Other than that we had a great time, love the Westpunt area.


----------



## wegottago (Jun 11, 2009)

*using taxi, restaurant, activity question*

If we don't rent a car do you know if it's convenient to travel back and forth
using taxi's:

1. between the airport and the Marriott hotel (out of town one)
2. from hotel to downtown for dinners/shopping

I'm going to do a search about restaurants and activities to do with an 8 and almost 11 year old, but if you have any recommendations, I would appreciate them.

Thanks.


----------



## MULTIZ321 (Jun 11, 2009)

This is the link on Curacao from DebbiesCaribbeanResortReviews.com

The Curacao home page has links for additional island information.


Richard


----------



## gravitar (Jun 11, 2009)

wegottago said:


> If we don't rent a car do you know if it's convenient to travel back and forth
> using taxi's:
> 
> 1. between the airport and the Marriott hotel (out of town one)
> ...



Taxi's are convenient, but you will likely end up spending more money on them then on a rental.

You will need some type of transportation as there is nothing within walking distance of the Marriott, except the Hilton next door.

Steve


----------



## nickis (Jun 12, 2009)

There are so many great beaches and lots more to see around the island that I really think you're missing out on Curacao if you don't rent a car and explore.

But...we're not "stay close to the resort" people.

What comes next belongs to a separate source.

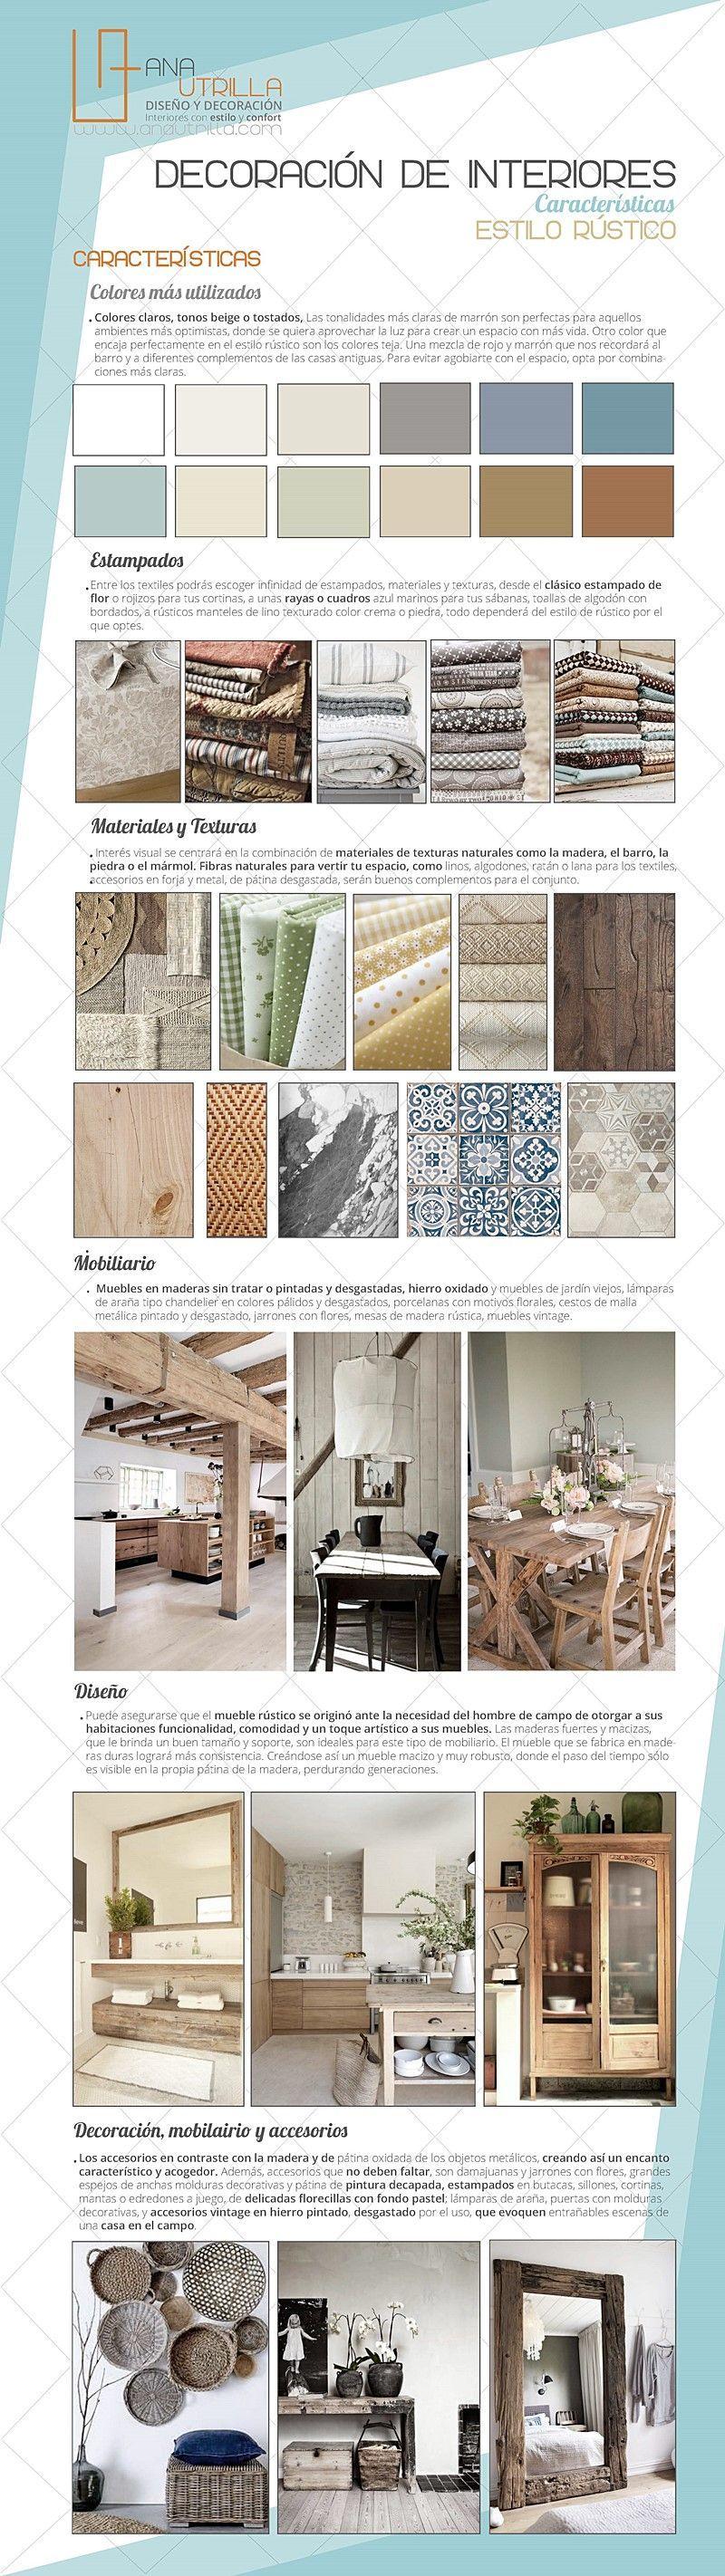 Estilo r stico en decoraci n de interiores dise o de for Estilo moderno diseno de interiores caracteristicas

I guess it depends on what type of vacation you're looking for.


----------



## lvhmbh (Jun 12, 2009)

It is a flat $35 from the airport to Sea Aquarium.  I thought it was a very lovely resort (great management) but needed to travel to get good food.


----------



## wegottago (Jun 15, 2009)

*car reservations made from where?*

May I ask from where you got your Avis, Budget, etc. car reservations from (Avis directly, priceline, website)?  I contacted the curacao avis via internet and the rate for the cheapest car was about $300...much more than one of the previous posters who got a car for a little more than $200.  The quote was very vague and I'm not aware of any coupons or discount offers.  I'm going to call Avis tomorrow, however I wondered with whom you reserved your cars with.  We go in 3 weeks and I need to get this settled.  Thank you!


----------



## timesharejunkie4 (Jun 15, 2009)

I made the Avis and Budget reservations thru their websites.


----------



## nickis (Jun 15, 2009)

I checked out rates on Orbitz first, for comparison.  Then went to the individual car rental sites to try entering various discount codes.  Finally settled on Alamo, booking directly through their website and used the Costco discount codes mentioned.


----------



## Carol C (Jun 23, 2009)

Is a car absolutely essential there? I'm going in Oct, planning on staying 4 nights in an indie hotel in the capitol, then a week at a t/s resort. Can't we get away with maybe renting a car for two days while at one or the other location, just to drive around island to see top sites & get the lay of the land?

Have a great time everyone!  

P.S. Please post your fave restaurant suggestions on TUG when you get back home & settled. TIA!


----------



## wilma (Jun 23, 2009)

You won't need a car in Willemsted for those 4 days, but which timeshare resort are you staying in? Favorite restaurant--Sol in Westpunt, good reviews on tripadvisor.


----------



## timesharejunkie4 (Jun 24, 2009)

I did find out, by emailing the Budget in Curacao, that their rate does include the mandatory CDW, Avis did not, so I canceled my reservation with Avis.
Wilma - I read the great reviews of Sol Food. Keep in mind they are only open on weekends.Sunshine and I have been emailing back and forth. She's having some things sent to my home for me to bring to her. I feel like I know her and can't wait to meet her on Sunday!
We leave Saturday.  
I am sooooo ready! I may not check email while there but if anyone has anything you want me to find out for you, let me know by Friday. We will be staying at the Royal Sea Aquarium.Three days of diving and dinner at Sol Food are our only plans so far. The rest of the time we will go with the flow and see where it takes us!
Carole


----------